Seven Common Myths About Hypertension

Seven Common Myths About Hypertension

Uncategorized 2021-04-02 24

When your blood pressure stays high for too long, you have hypertension. It can be the result of excess salt, smoking, drinking, obesity, or a combination of factors. Or, as unfair as it is, you might have just inherited high blood pressure.

Hypertension is surrounded by myths and misunderstandings. You may hear all kinds of advice from well-meaning friends and family. Let’s sort through some common myths, so you can make health decisions based on the facts.


If you feel fine, you don’t have hypertension. This is far from true. More than 85 million U.S. adults have hypertension, but 1 in 6 have no idea. You can feel fine with hypertension. This is why it’s often called “the silent killer” - because someone with no symptoms can suddenly have a heart attack or stroke.

MYTH 2: There’s a cure for hypertension. Unfortunately, there is no cure for hypertension. But there are many ways to manage it and reduce its impact on your health, including lifestyle changes and medication. The American Heart Association recommends:

  • Eating a well-balanced, low-salt diet
  • Limiting alcohol and 
  • Enjoying regular physical activity
  • Maintaining a healthy weight
  • Taking doctor-prescribed medications properly

MYTH 3: Wine is good for the heart, so drink as much as you want. 

While many doctors recommend drinking red wine for heart benefits, excess alcohol consumption can be deadly for people with hypertension. It can lead to heart failure, stroke, and irregular heartbeats.
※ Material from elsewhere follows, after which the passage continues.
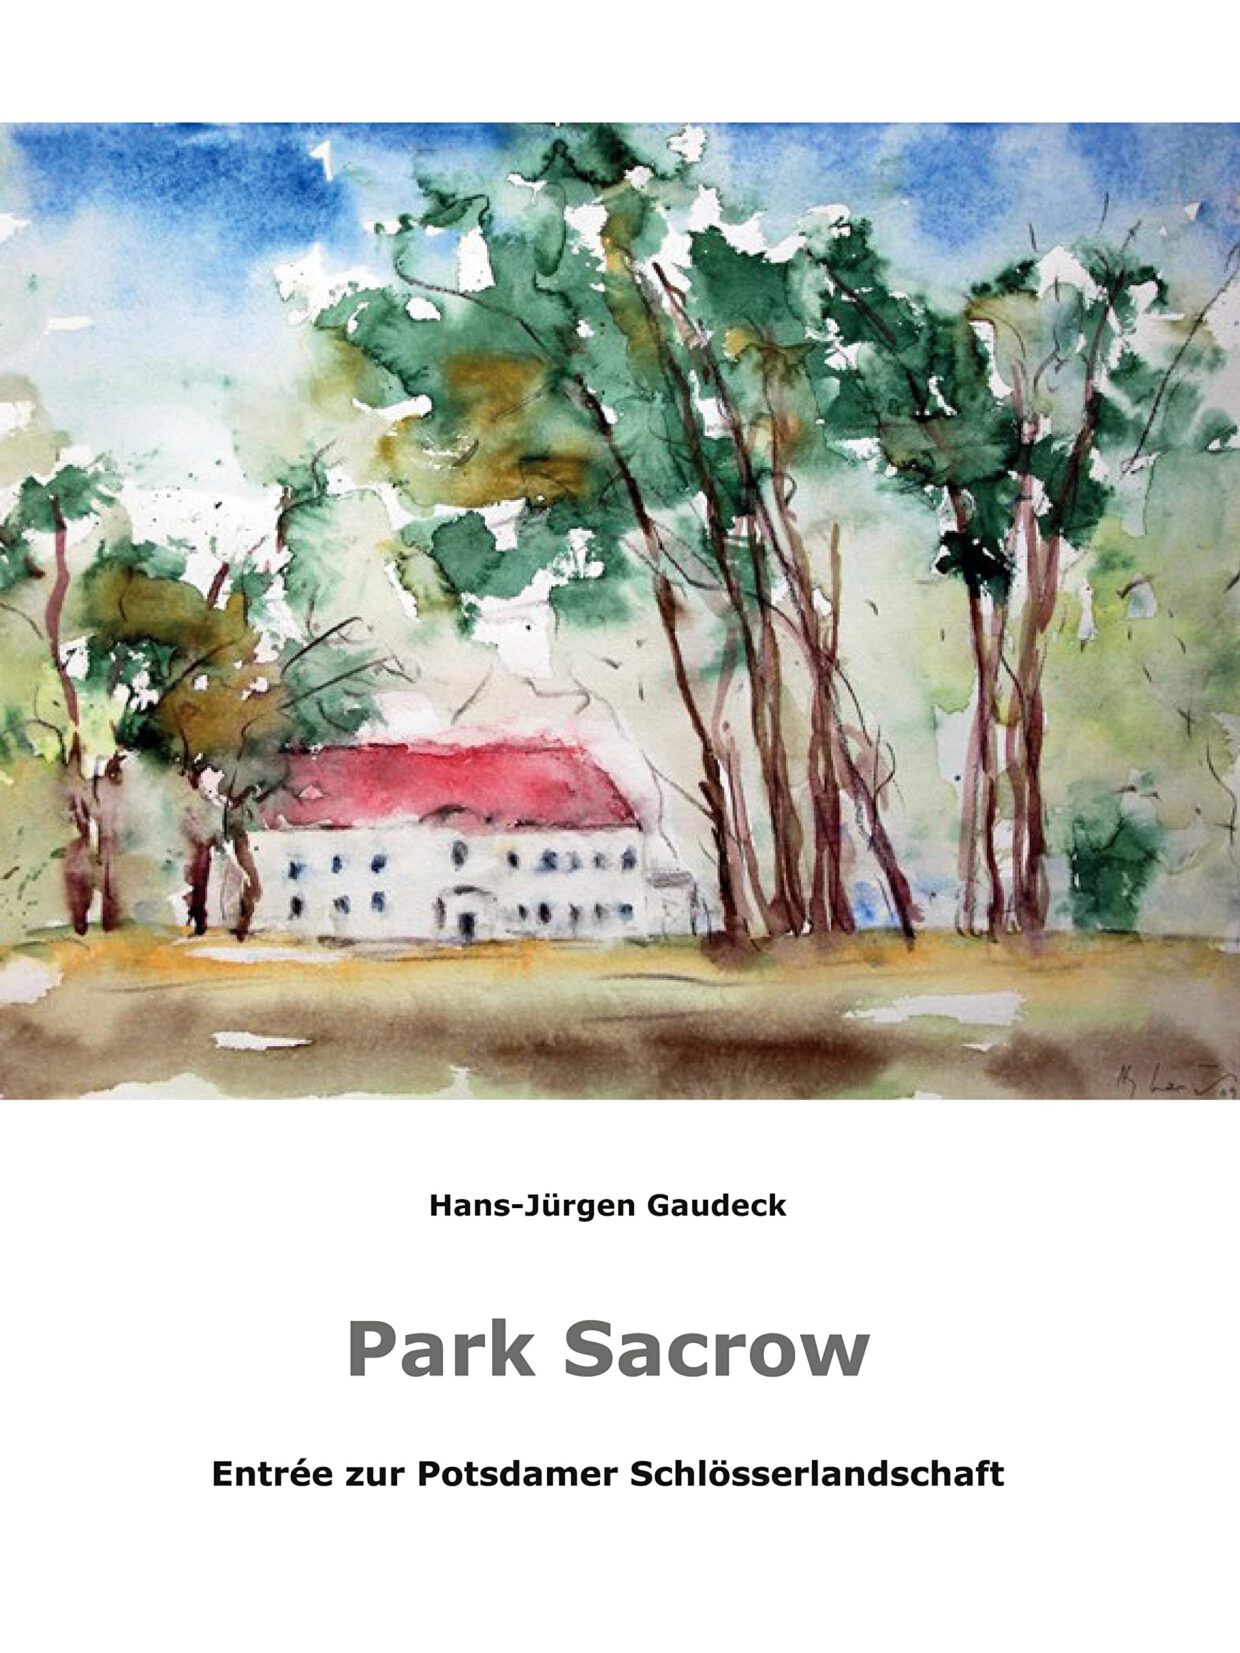 Hans-Jürgen Gaudeck: Park Sacrow
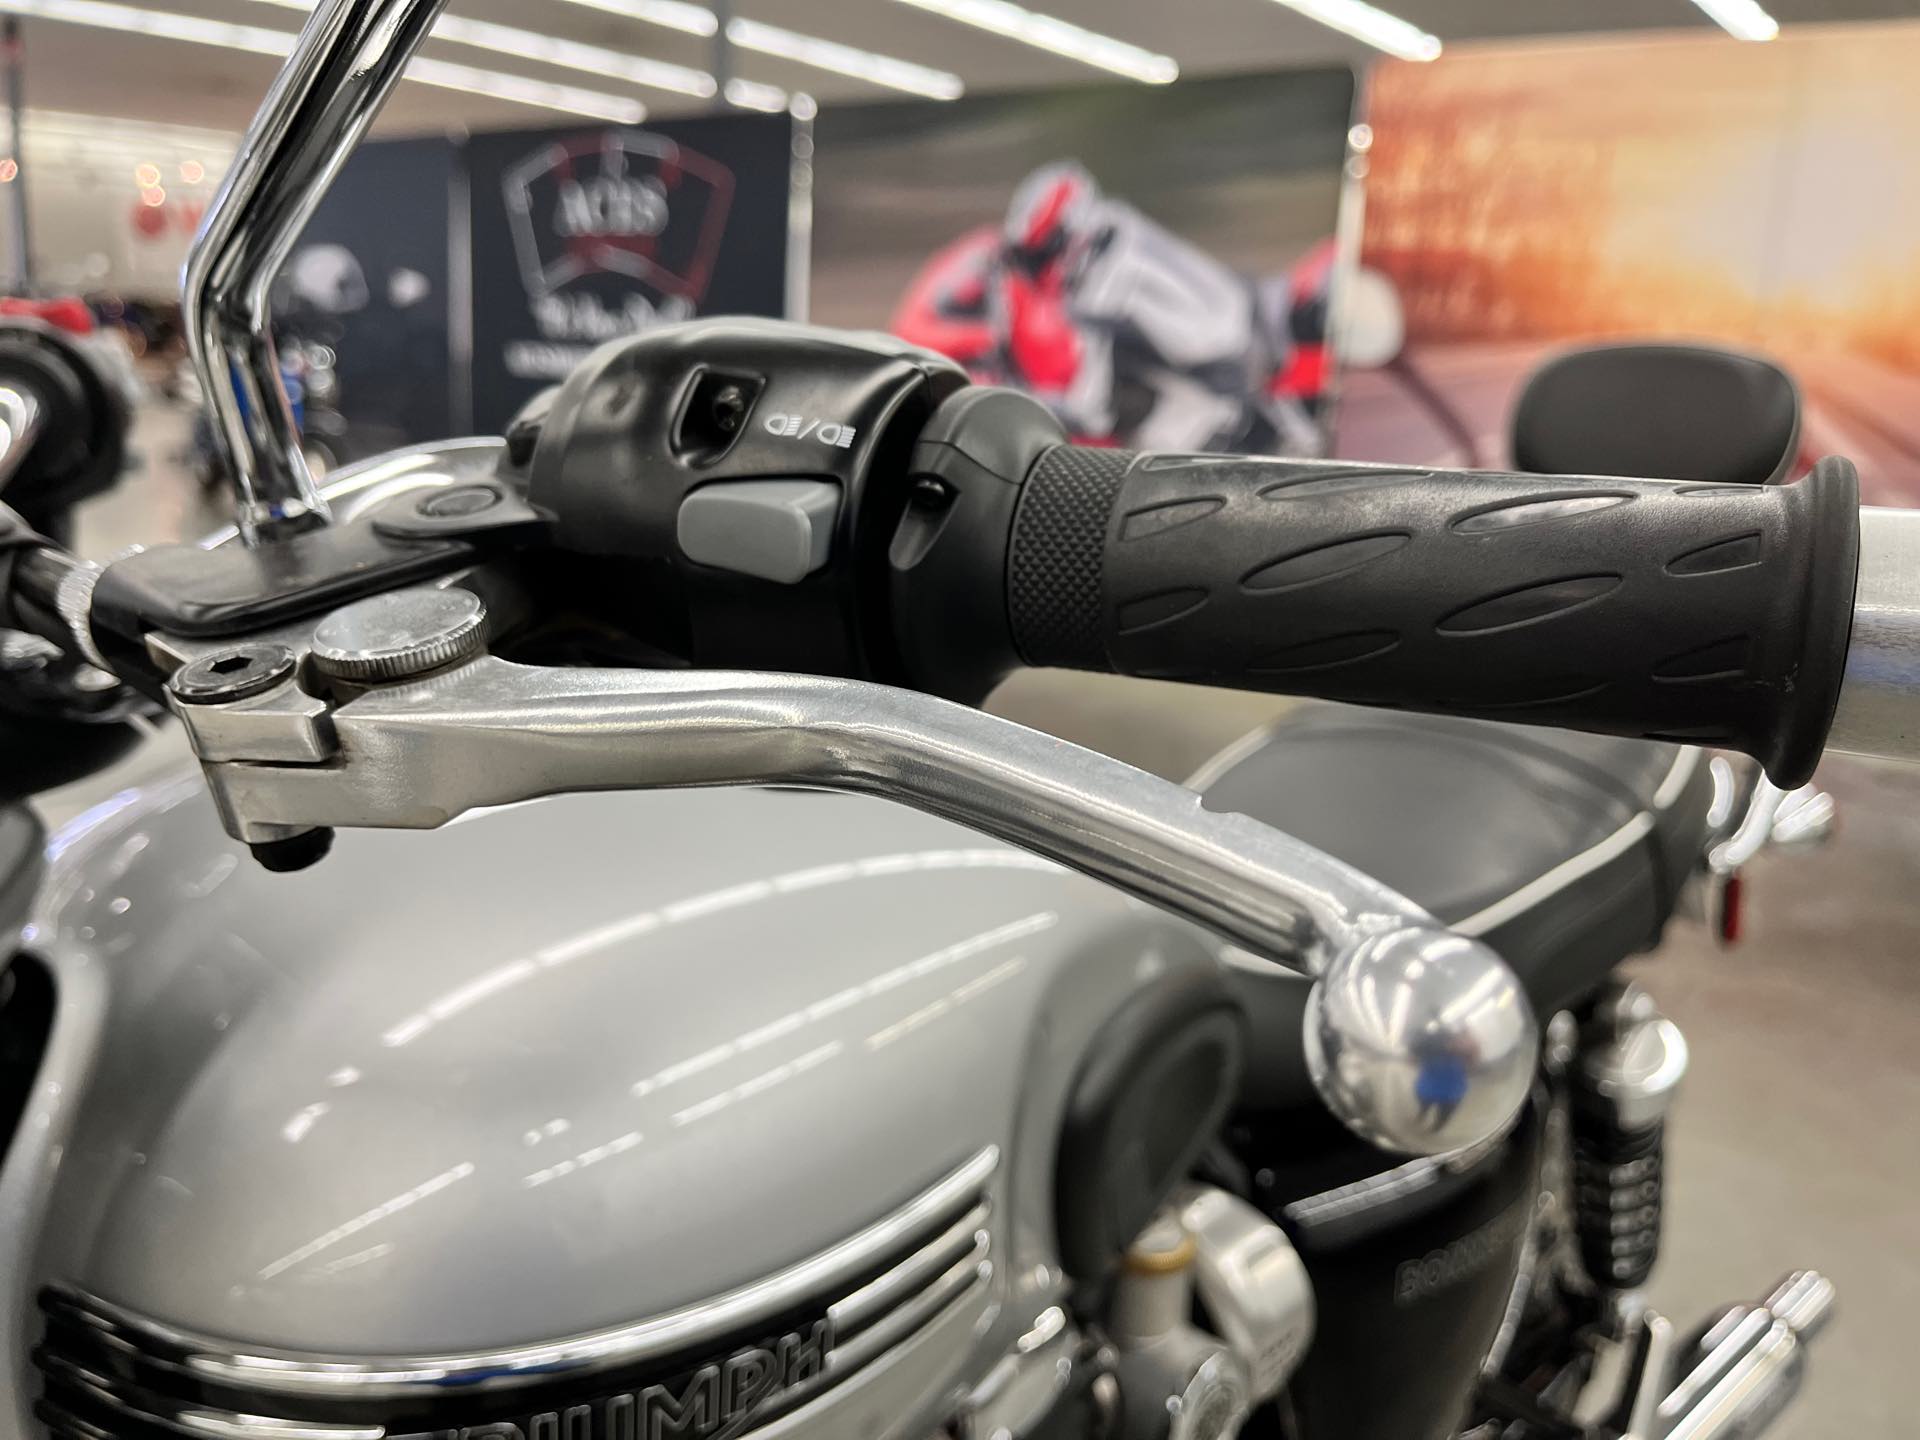 2018 Triumph Bonneville T120 Base at Aces Motorcycles - Denver

Limit consumption to two drinks per day for men and one for women. Generally, one drink equals:

  • One 12-ounce beer
  • One 4-ounce glass of wine
  • About 1.5 ounces of 80-proof liquor
  • About 1 ounce of 100-proof liquor

MYTH 4: If you don’t salt your food, salt isn’t a big issue for you.

Most salt in food isn’t added at the last minute from your tabletop saltshaker. It’s processed into the food during manufacturing, especially for canned goods, soups, tomato products, and condiments. Check labels constantly and look for words like “sodium,” “soda,” and the abbreviation “Na,” which are all variations on salt.

MYTH 5: If you inherit hypertension, there’s nothing you can do about it.

While it’s impossible to prevent inheriting it, you can manage hypertension with lifestyle changes. Exercise, eating a low-salt diet, maintaining a healthy weight, and avoiding alcohol and smoking can have a positive impact on your blood pressure.

MYTH 6: If a doctor takes your blood pressure occasionally, that’s good enough.

This may be true for people without hypertension, but people with persistent high blood pressure should do monitoring at home. Your  at-home monitoring device should be approved by your doctor.

It’s also a good idea to keep a blood pressure journal that tracks changes over time. If your blood pressure continues to rise despite medication, for example, your doctor needs to know this.

MYTH 7: When medication brings your blood pressure down, you can stop taking it.

Absolutely not! Never stop taking your medication without consulting your doctor. Hypertension can be a lifelong disease and you may need to take medication every day for the rest of your life. It’s worth it to protect your health.